Durch Königreiche nach Kapstadt
Reise Nr. 5110
Wanderungen: 7 x leicht (2 - 3 Std.), 7 x moderat (4 - 6 Std.)
Besteigung des Tafelberges und Sundowner am Signal Hill
Fußpirsch in Swaziland – dem Nashorn auf der Spur
Safari-Abenteuer im offenen Geländewagen im Krüger Nationalpark
Safari auf dem Wasser bei St. Lucia
Gipfellandschaften in Lesotho und den Drakensbergen
Genuss am Kap: Weinprobe auf kleinem Weingut
Sie sitzen im offenen Geländewagen im Krüger Nationalpark Ihren Lieblingstieren auf der Spur: Löwe, Giraffe, Zebra oder doch eine Warzenschweinfamilie? Eine weiche Brise mit dem Duft von Akazien und Baobabs streift die Haut und ein leichtes Kribbeln im Bauch. Safari der anderen Art erleben Sie zu Wasser bei St. Lucia: Bootsausflug zu den Walen und Delfinen oder Krokodile und Flusspferden. Und richtig aufregend wird es zu Fuß, dem Nashorn auf der Spur in Hlane-Nationalpark in Swaziland.

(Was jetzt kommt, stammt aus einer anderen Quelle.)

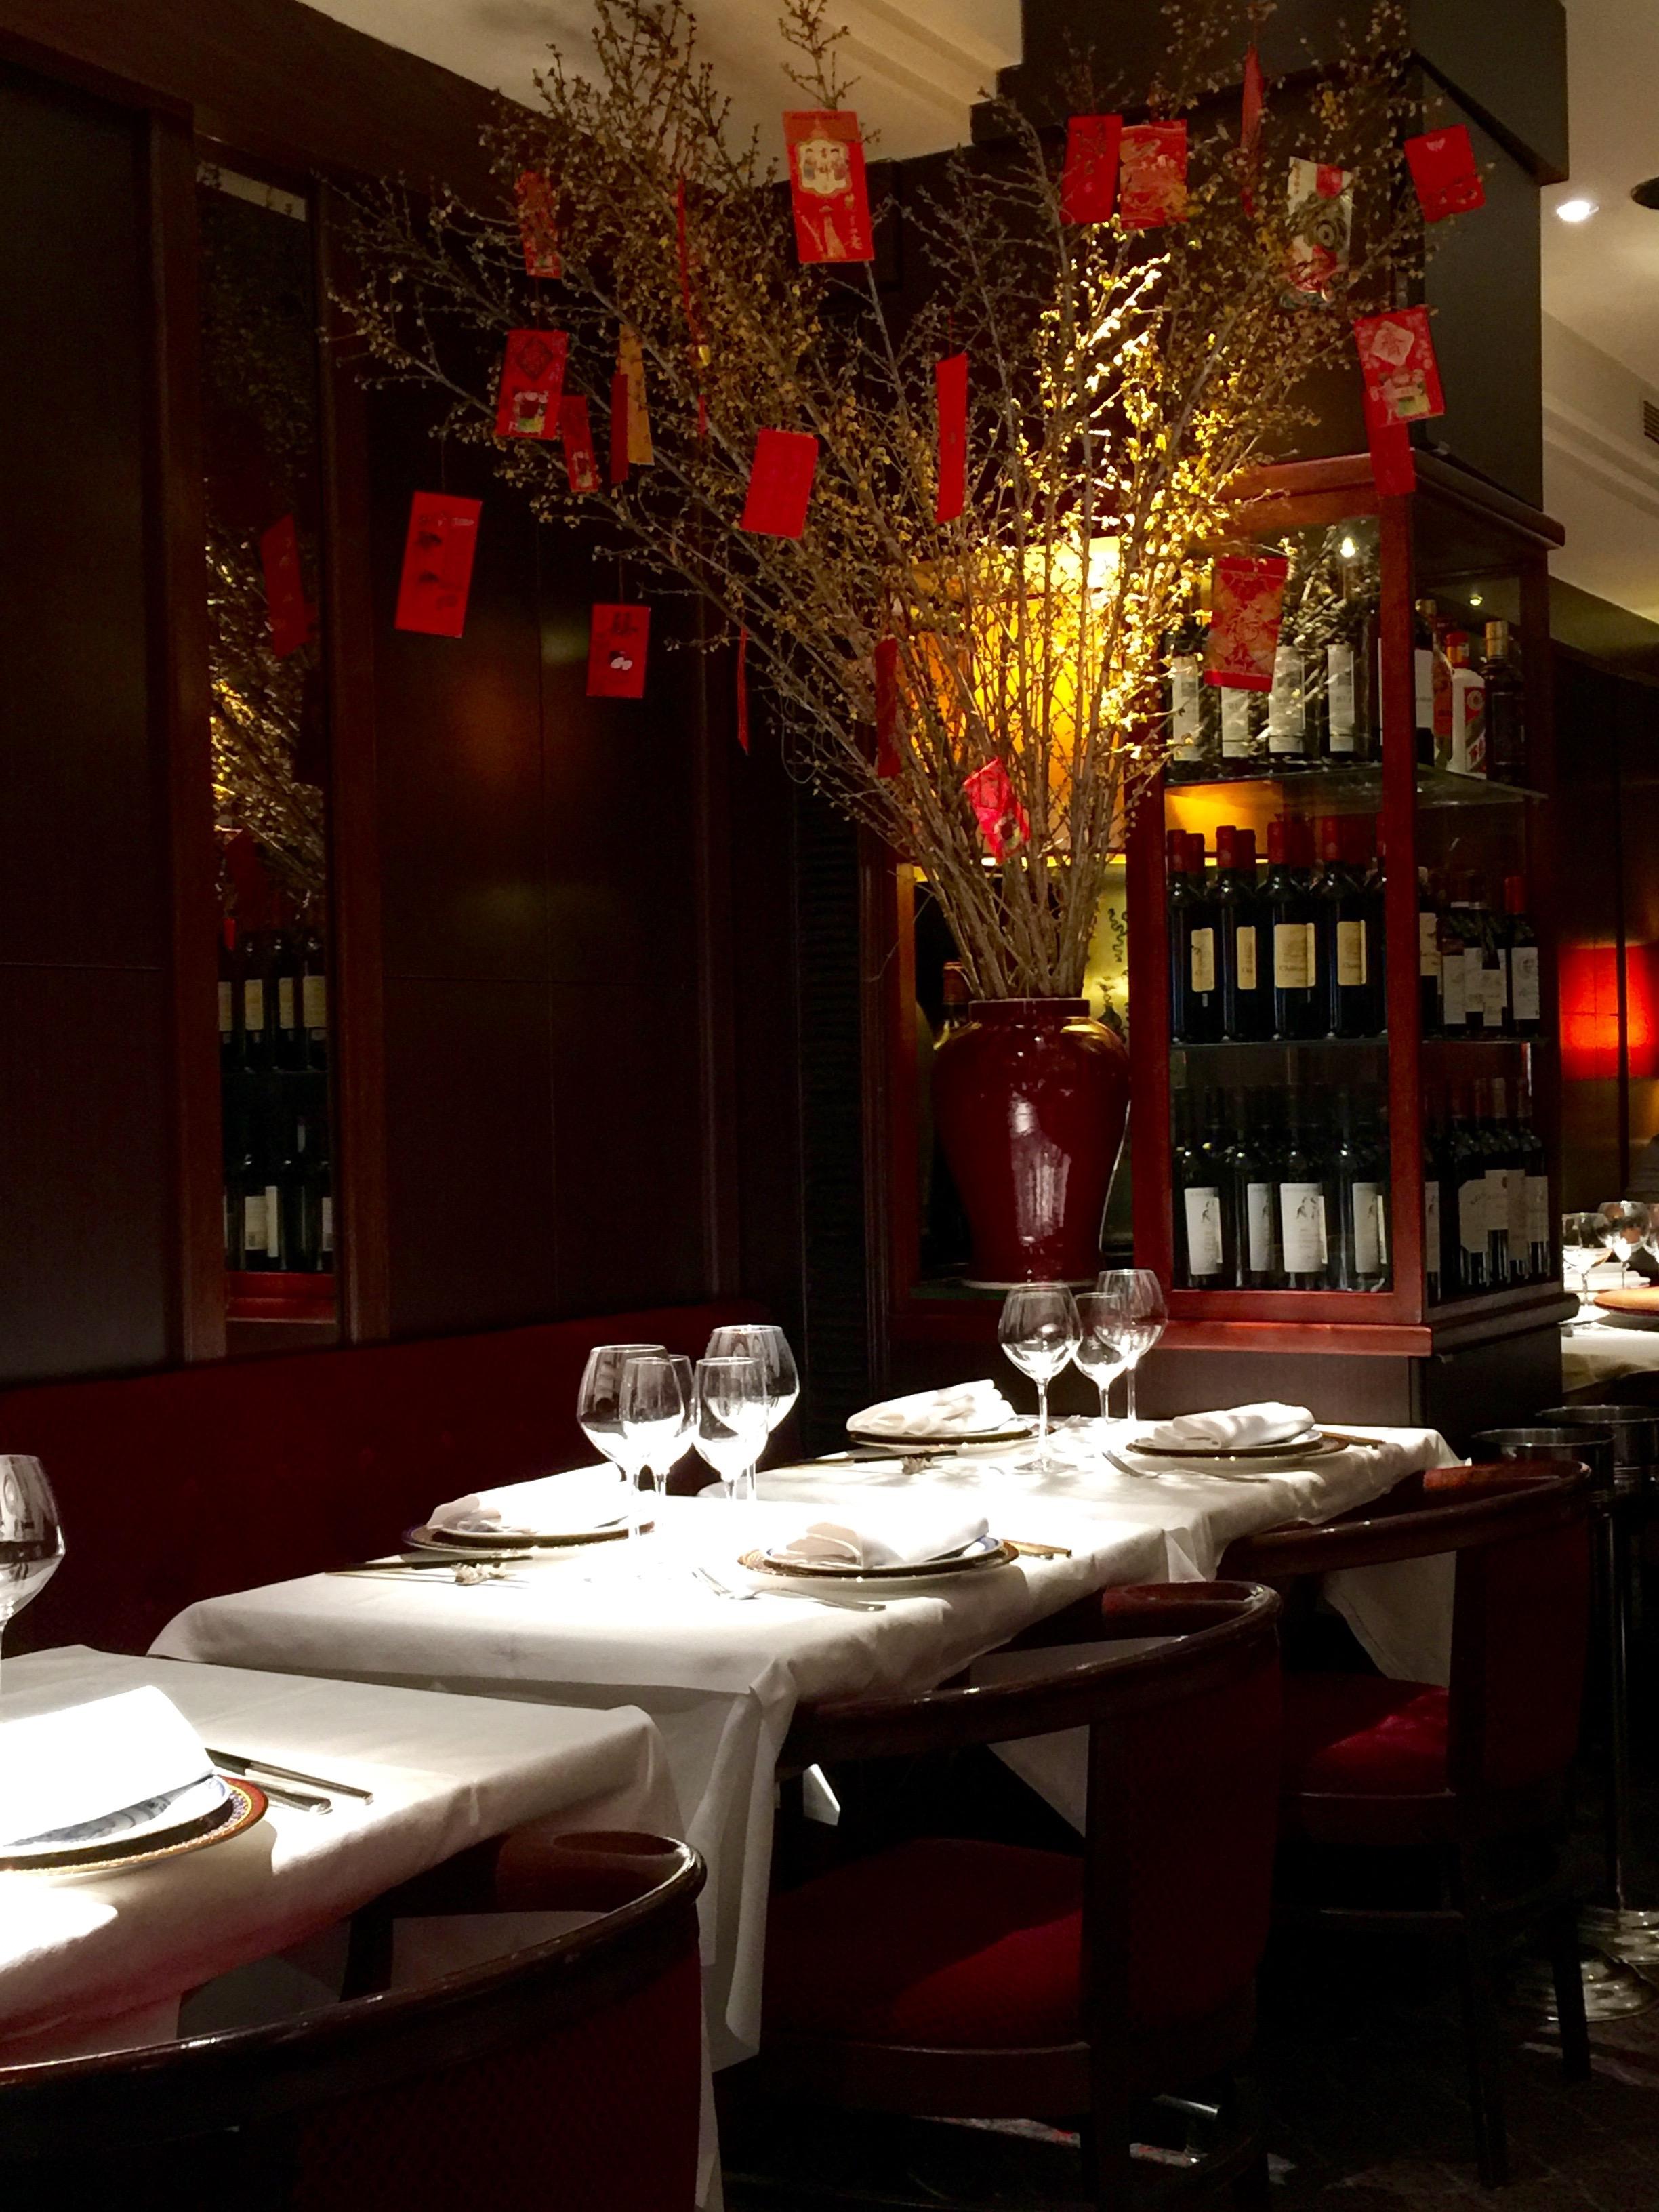 Restaurant Chinois Royal Cholet

An der Panoramaroute blicken Sie - zu Fuß unterwegs - auf hohe Wasserfälle, hinein in tiefe Canyons und weit über die tiefgrüne Landschaft. Und Sie haben einen Wunsch frei bei Bourke's Luck Potholes. In den Drakensbergen schauen Sie dann auf die hohen Gipfel des Amphitheaters. Bei Ihren ausgiebigen Wanderungen in Lesotho können Sie dann den Basotho eingehüllt in bunte Decken auf Ihren Pferden begegnen. Wilde, zerklüftete Küstenlandschaft erwandern Sie im Tsitsikamma Nationalpark kauf dem Ottertrail und die Gischt spritzt hoch auf vor Ihnen beim Wandern am Kap der Guten Hoffnung. Genussvoll wird es in den „winelands" – ein Spaziergang mit Blick über die ganze Region, ein kleines Picknick und eine leckere Weinprobe auf einem kleinen Weingut. Einen sportlichen Abschluss bietet die Besteigung des Tafelbergs und abgerundet wird Ihr Kapstadt-Erlebnis mit einem Sundowner auf dem Signal Hill – so liegt Ihnen das ganze Kap vielfach zu Füßen.
Reiseverlauf:
1. Tag Anreise
Linienflug mit South African Airways von Frankfurt nach Johannesburg.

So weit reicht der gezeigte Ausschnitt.